Even though it's all about dollars and cents, the financial industry runs on percentages; dollar signs are few and far between. The use of percentages is an understandable, and helpful, convention when communicating financial information. After all, a headline saying “Company A’s Net Jumps by 16%" is more helpful than one that reads "Company A’s Net Jumps to $1.02 billion.” Providing percentages rather than dollars also allows investors to compare apples to apples: You can readily discern that an investment that has gained 8% during the past 10 years has been a better bet than one that has gained half as much.
Yet dealing in percentages, especially relatively small ones like inflation rates, expense ratios, and long-term annualized returns, can also distract from important information that factors into your financial plan. Those small and innocuous-looking percentage figures, when translated into dollar terms and compounded over many years, can make a huge difference between success and failure.
How Small Numbers Can Make Your Investment Plan…: Say, for example, that you stick with the 3% 401(k) contribution rate that your company uses as the default, contributing $1,500 of your $50,000 salary for 40 years and earning 5% on your money. You'd have about $190,000 at the end of the period; not too shabby. But bumping up your percentage contribution just 2 percentage points (to 5%) would have a meaningful impact on your bottom line, increasing your nest egg to nearly $320,000.
In a similar vein, you might choose to keep your child's college fund in cash. Assuming cash yields stay as low as they are now (which is, admittedly, a big assumption), a $50,000 investment that earns just 1% for the next 10 years will amount to just $55,000 at the end of the period. But by maintaining a 60% stock/40% bond portfolio and assuming a not unreasonable 4% return, you'd be able to grow your $50,000 investment to $74,000. Neither return rate will allow you to keep up with college inflation, sadly, but at least it's better than putting the money under your mattress. However, keep in mind that the 60/40 portfolio entails market risk.

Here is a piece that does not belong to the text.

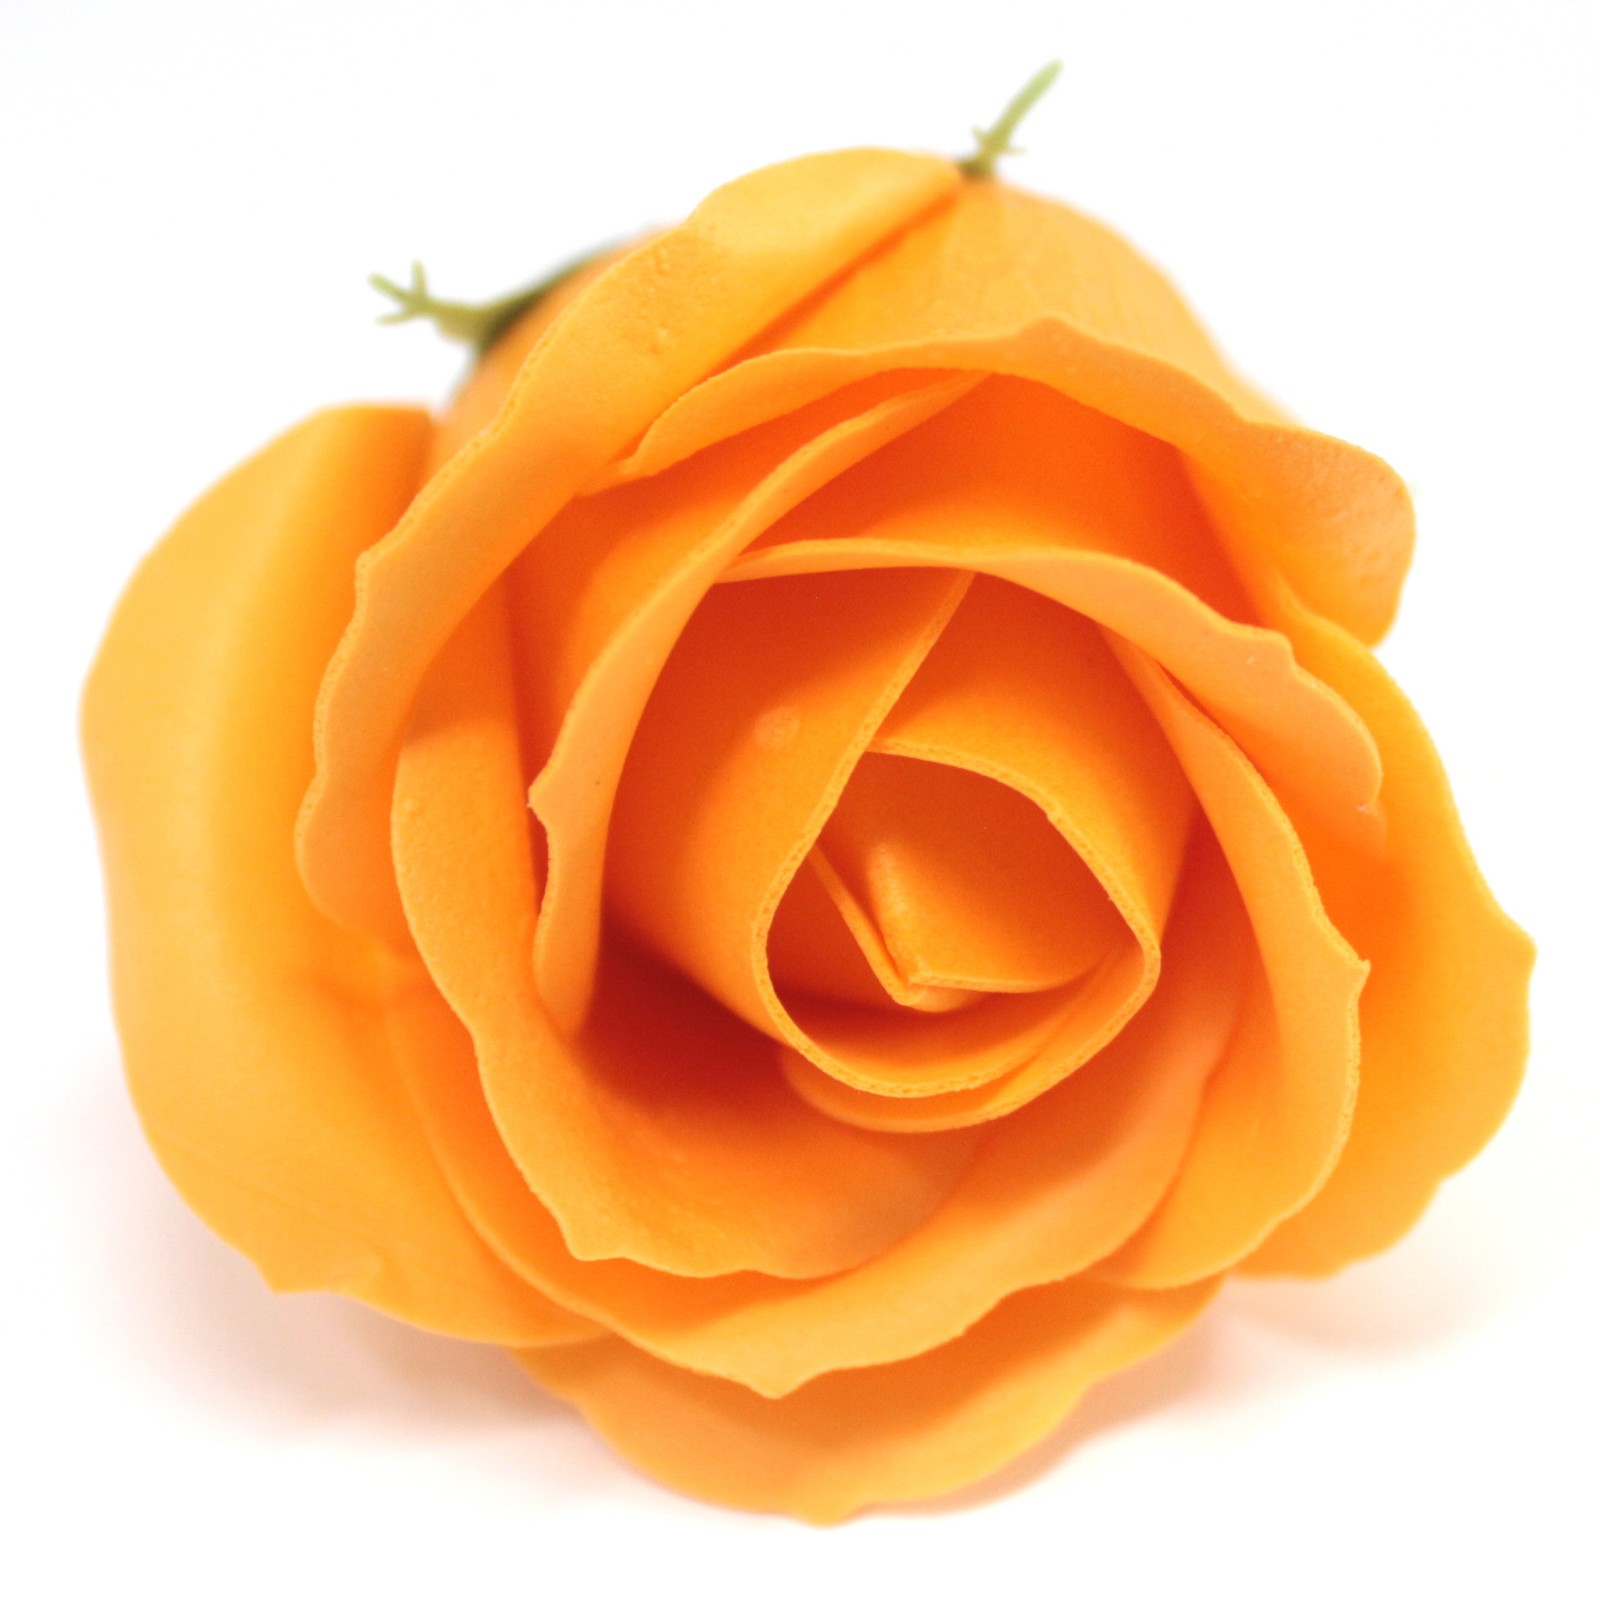 10 x Craft Soap Flowers - Med Rose - Orange

…or Break It: Just as seemingly small percentage changes (either in contributions or return rates) can provide investors with an enormous helping hand, they can also work in reverse, and this is where many investors run into trouble. They blow off small percentage amounts like expense ratios and inflation rates when making investment decisions.
For example, let’s say an index fund has a fairly low expense ratio of just 0.63%. It's certainly cheaper than most actively managed funds, and it doesn't appear to be that much more expensive than most other S&P 500 index funds, some of which charge as little as 0.06%. If you opted for the expensive fund rather than a cheaper alternative and you held it for a long time, you'd be shortchanging yourself. Assuming a 10% annualized return and a $100,000 initial investment, you'd be leaving a lot of money on the table during a 25-year period by opting for the more expensive fund: nearly $170,000, to be exact. All because your fund charged 0.57% per year more than a comparable option.
Inflation is another factor that investors tend to underestimate, because the average historical inflation rate of roughly 3% looks pretty benign when viewed without any context. Should the fact that bananas that are $0.59 a pound today but might be $0.79 a pound 10 years from now cause a major rethinking of your financial plan? Yes, actually. When you extrapolate inflation across all of the items in your shopping cart and compound it over many years, it can have a hugely corrosive effect on the purchasing power of your savings, meaning you need to save a lot more than you thought you did.